Enfin, aucun fonds ISR ne pourra investir dans des entreprises listées à l’annexe 7 du référentiel, autrement dit des entreprises dont l’activité est incompatible avec la prise en compte raisonnable des critères E, S et G.  Parmi ces dernières on peut citer, sans être exhaustif : les entreprises dont plus de 5% de l’activité relève de l’exploration, l’extraction ou le raffinage de charbon, ou dont plus de 5% de la production totale de combustibles fossiles liquides ou gazeux provient de l’exploration, l’extraction, le raffinage de combustibles fossiles liquides ou gazeux non conventionnels. Ou encore tout émetteur dont l’activité principale est la production d’électricité, et dont l’intensité carbone de l’activité de production d’électricité n’est pas compatible avec les objectifs de l’accord de Paris, etc.

Enfin, la SGP devra démontrer que les bénéfices tirés de la mise en œuvre de sa stratégie ESG sont mesurables. Pour ce faire, elle pourra utiliser pour ses fonds ISR au choix, une méthode dite d’augmentation du taux de sélectivité ou bien une méthode reposant sur l’approche en amélioration de notes.  

L’augmentation du taux de sélectivité consiste à réduire d’au moins 30% l’univers ESG investissable par rapport au portefeuille de départ à partir du 1er janvier 2026 (et d’au moins 25% à compter du 01/01/2025).

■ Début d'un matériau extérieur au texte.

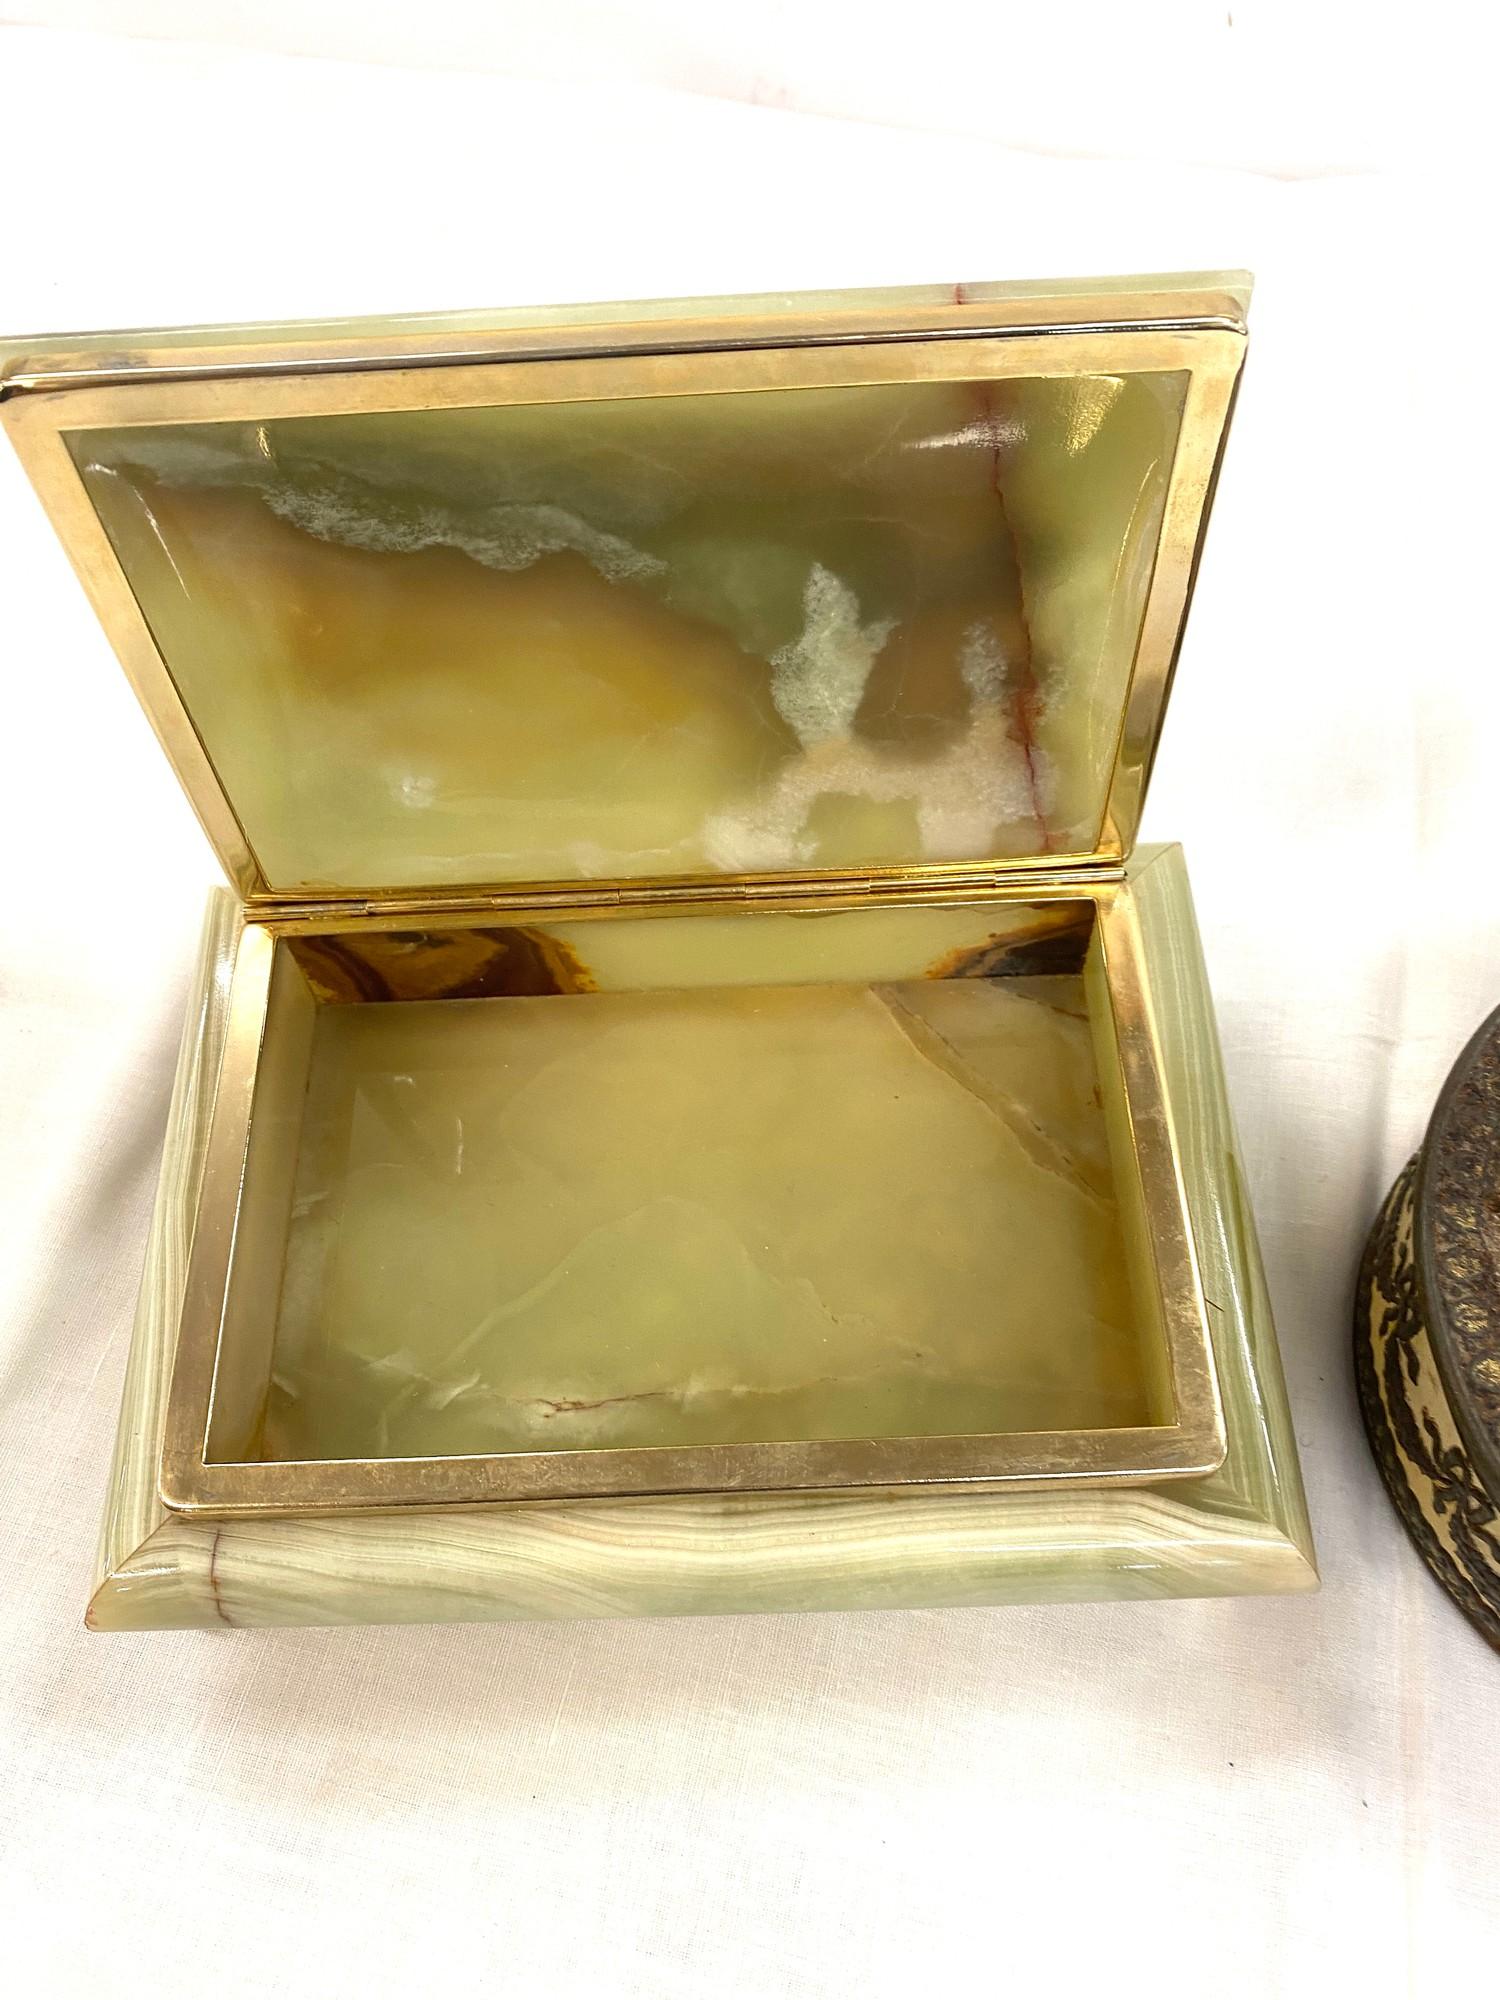 Onyx Cigarette box, large crucifix and a commemorative tin - Image 4 of 4

Quant à l’approche en amélioration de notes, elle consiste à devoir augmenter la notation moyenne pondérée du portefeuille par rapport à la notation moyenne pondérée de l’univers d’investissement initial après élimination des 30 % plus mauvaises valeurs (même échéance que pour le taux de sélectivité).

L’engagement actionnarial

Le dernier pilier du référentiel ISR (pilier 4) traite de « la politique de vote et d’engagement ESG avec les émetteurs ». Le nouveau label ISR souhaite plus de contrainte en matière d’engagement actionnariale des SGP vis-à-vis des sociétés en portefeuille et aussi plus de transparence.

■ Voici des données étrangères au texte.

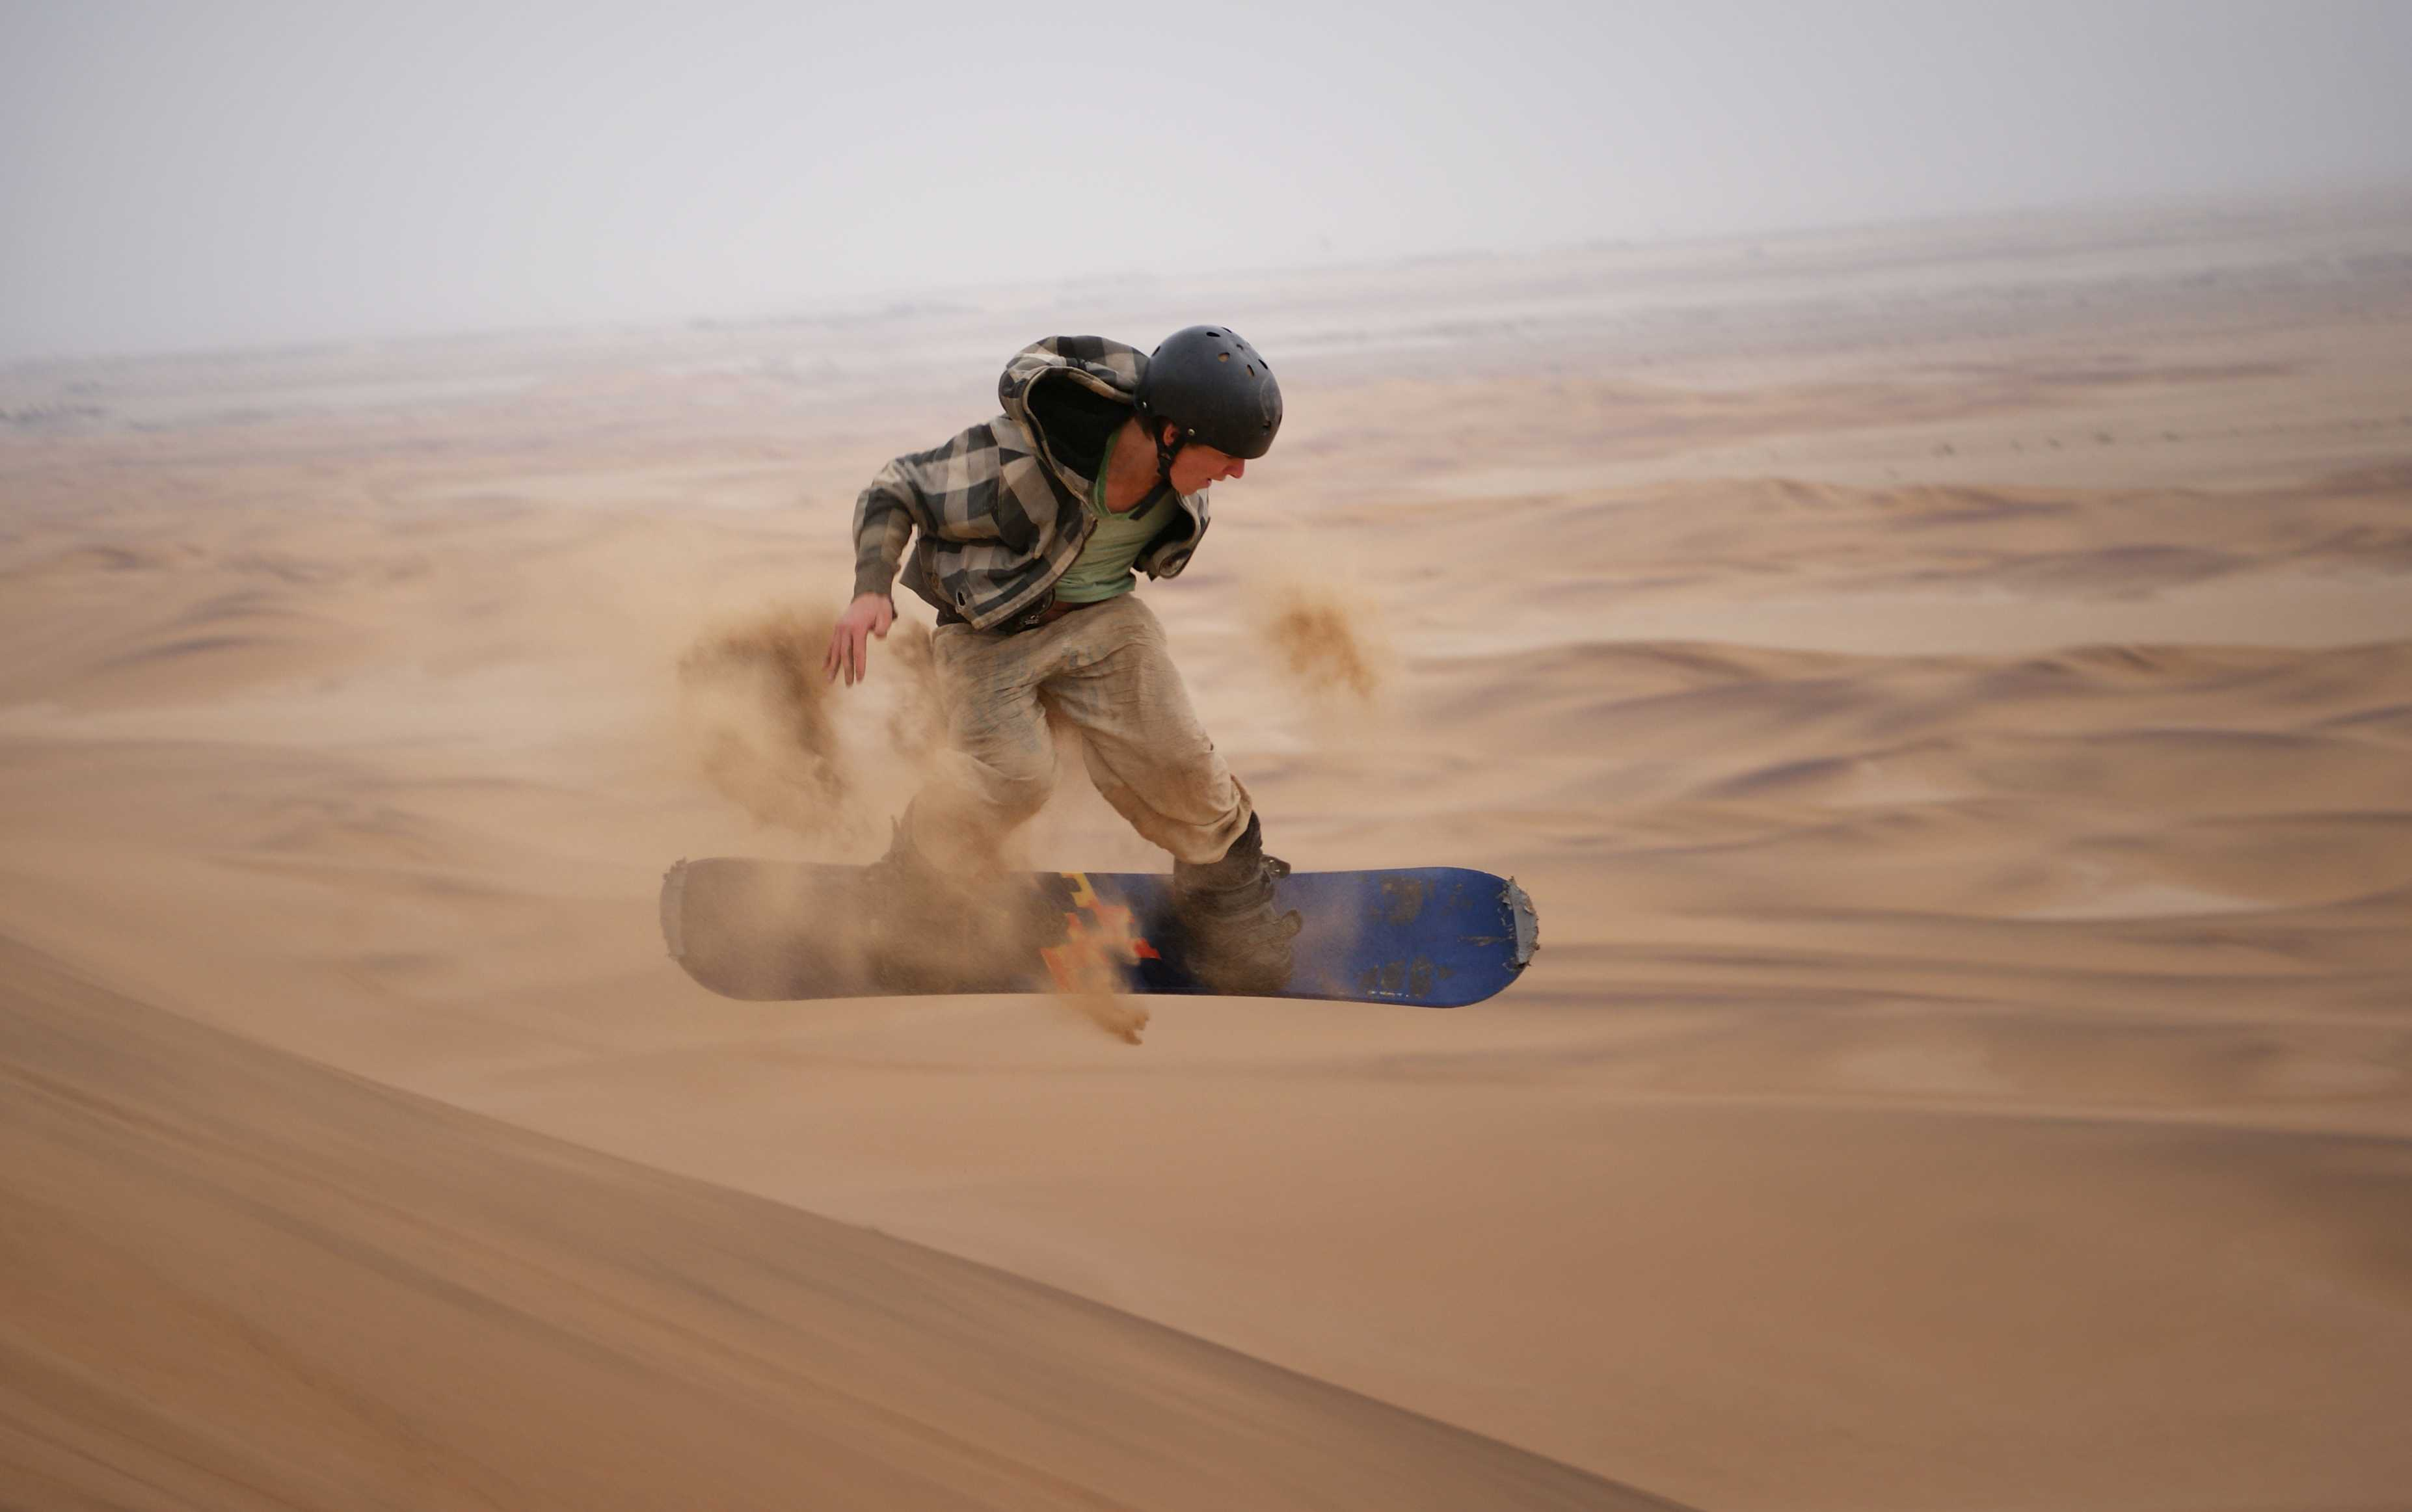 guy sandboarding in namib desert

La société de gestion devra ainsi démontrer qu’elle prend largement part aux assemblées générales pour le compte des investisseurs et qu’elle défend ainsi leurs intérêts de manière proactive. À compter du 1er janvier 2025, elle devra prouver avoir exercé ses droits de vote dans au moins 90% des assemblées générales des entreprises françaises et 70% des entreprises étrangères.

Conclusion

Nous retiendrons que le nouveau référentiel ISR qui entrera en vigueur à compter du 1er mars 2024 se veut plus exigeant et donc plus sélectif. Certains fonds d’ores et déjà labellisés ISR pourraient être « délabellisés » faute de pouvoir, ou vouloir, se conformer aux nouvelles règles applicables.

Il n’en reste pas moins que ce nouveau label ISR, en ce qu’il consacre une plus grande transparence dans la définition et la mise en application par les SGP de stratégies ESG efficientes, est un gage de qualité et de sérieux pour tout épargnant sensible aux enjeux climatiques et soucieux de mobiliser son épargne de manière durable et responsable.